First, I want to direct your attention to Trent’s blog post from the early days of MSS where he tackles the dangers of so-called smart drugs (and really, any drug that hasn’t been sufficiently scrubbed of side effects). Generally, just some good reading, a lot of which I will echo here.
Beta blockers basically (at least as far as I can figure out from a quick google search) inhibit your fight-or-flight mechanism. Naturally, as we all can see, the real danger is that if there is a bear attack in the middle of your LSAT, and you’ve downed a beta blocker cocktail, your ass is going to be grass.
But what really weirds me out, as a dyed-in-the-wool lazy bastard, is why anyone in their right mind would take a drug with the potential side effect of heart failure to be calmer during the SAT. Or the LSAT. Or whatever. I understand that every day walking down the street involves a constant assault of threats that could potentially end your life (trucks, homeless people, Taco Bell), I just don’t get why anyone would add more on top of the pile to be calmer for a test. Not smarter. Calmer.

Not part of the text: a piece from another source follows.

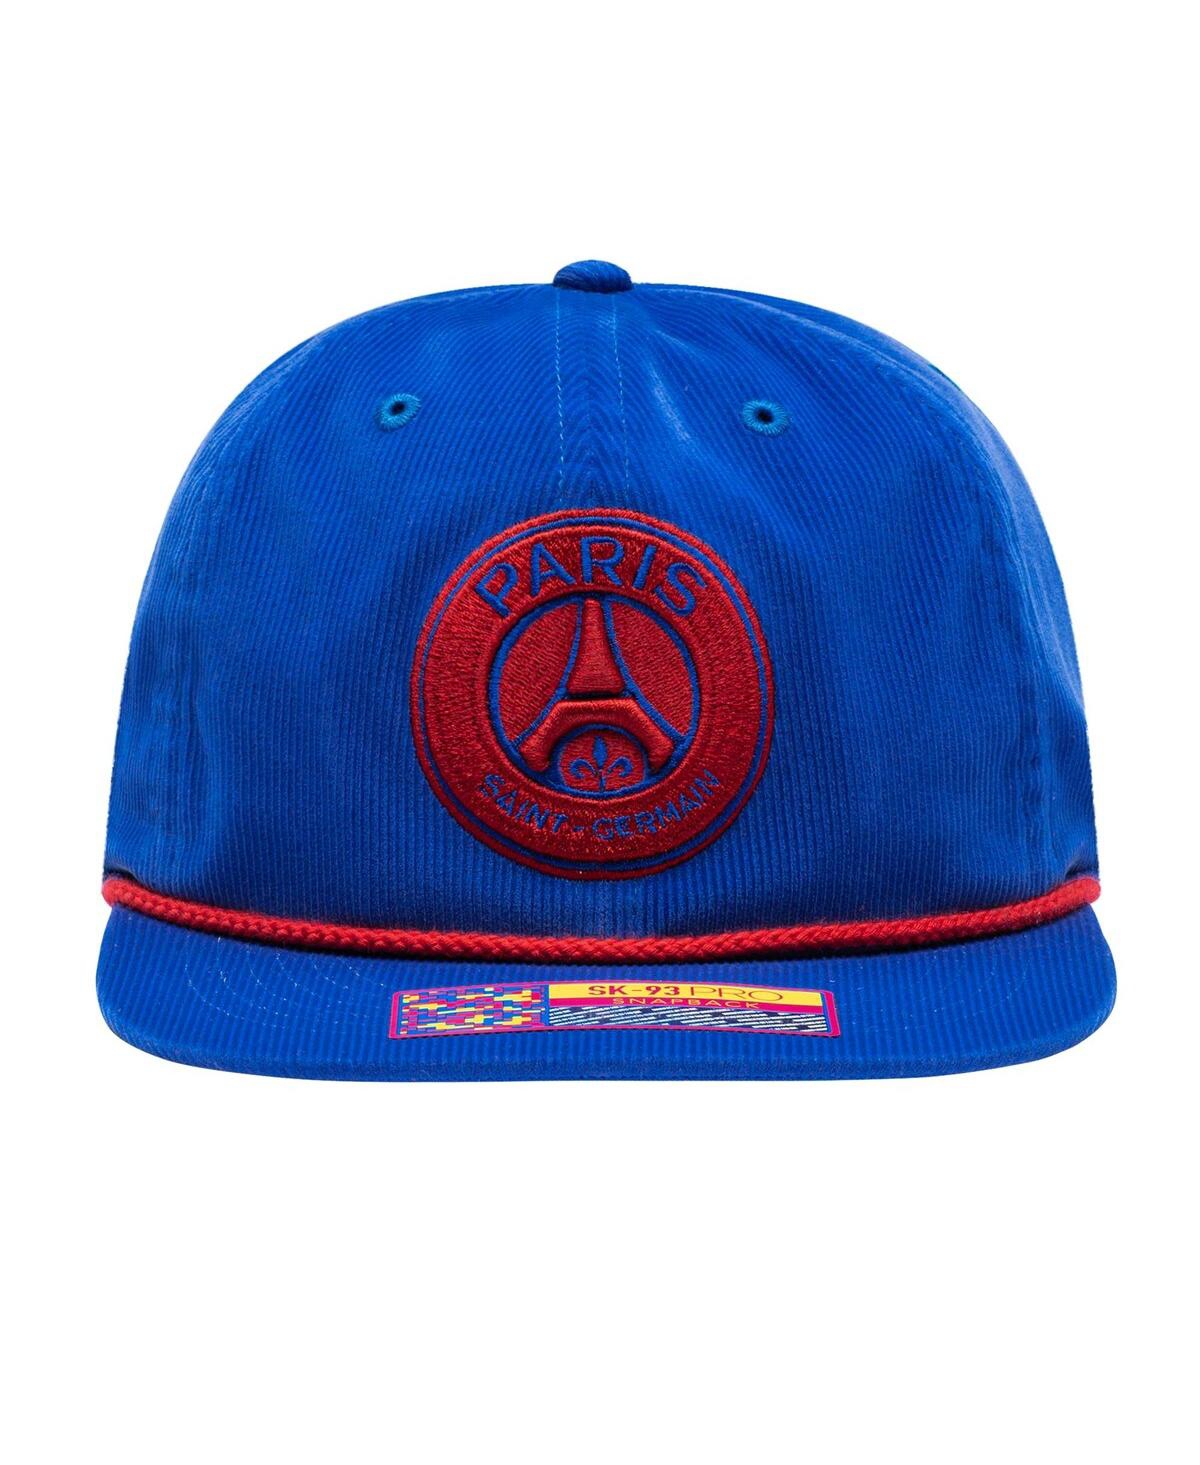 Shop Fan Ink Men's Blue Paris Saint-germain Snow Beach Adjustable Hat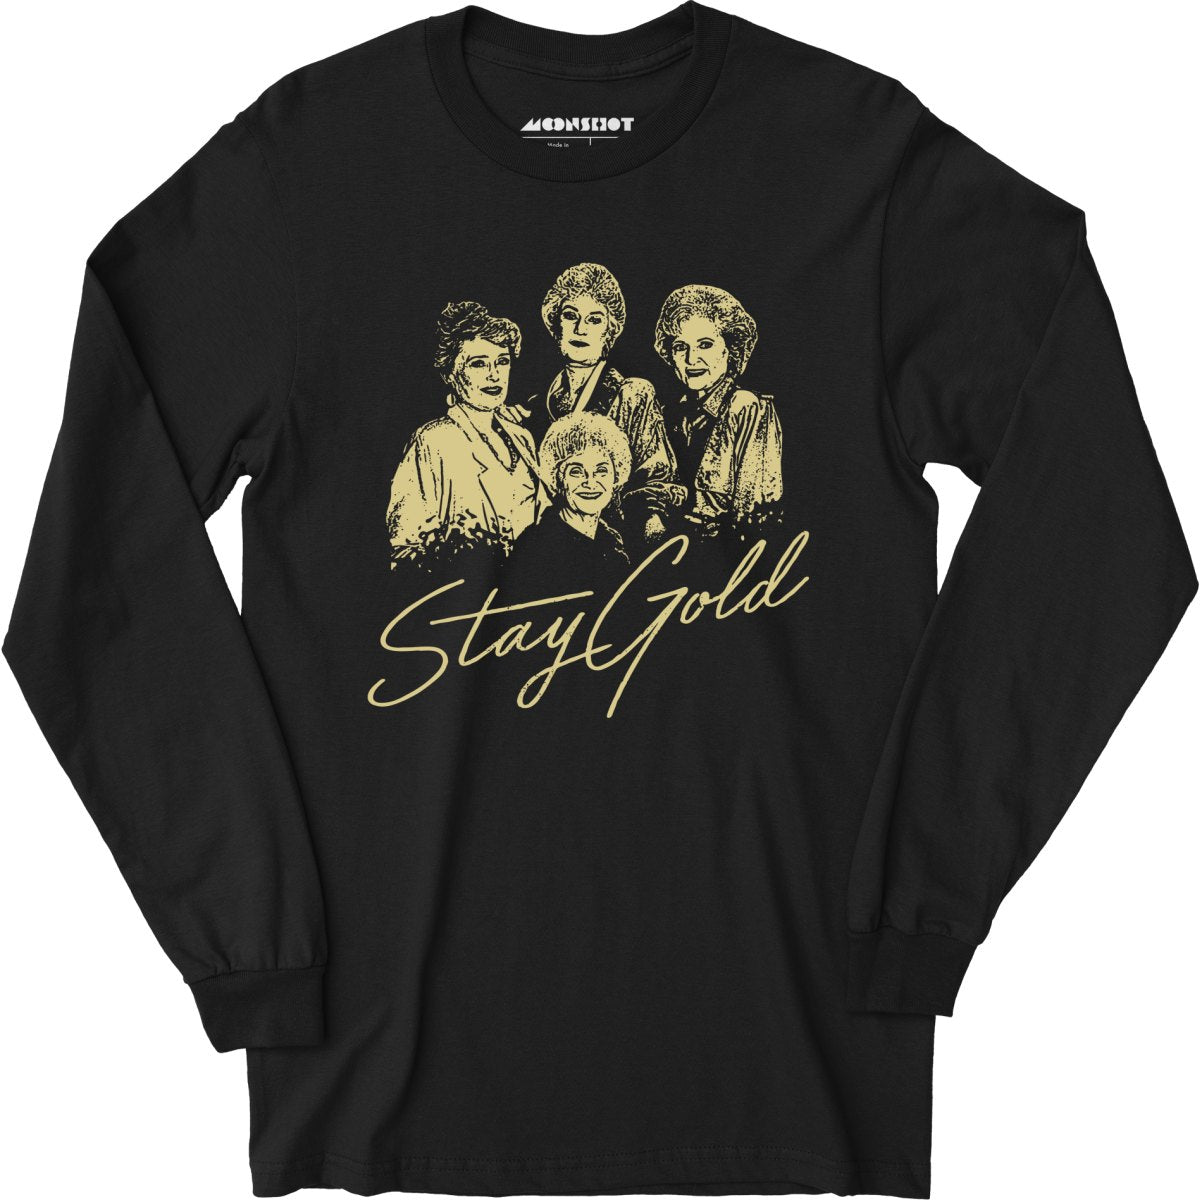 Stay Gold - Golden Girls - Long Sleeve T-Shirt

Before you start throwing back a potent mixture of adderall, beta blockers, and Nyquil to really get that edge on standardized test day, you should probably consider the idea that maybe, just maybe, studying effectively for it will mitigate a lot of the nervousness that you feel. I can’t talk too specifically about the SAT, because that was eight years and many beers ago, but as I’m currently indentured to an LSAT company, I’ve got a pretty good idea for how to make sure you don’t have nerves on test day: get so badass at the test that the LSAT needs a stiff glass of Scotch before you walk in to the test center.
The LSAT is not an intelligence test, it’s a hard-work test. Trying to skate around that will apparently leave you extremely calm with a slightly elevated chance of heart failure and a pretty weak LSAT score.
And alopecia. Which is hair loss. Which, as a guy in the middle of his own personal recession, is something I think we all should avoid at all costs.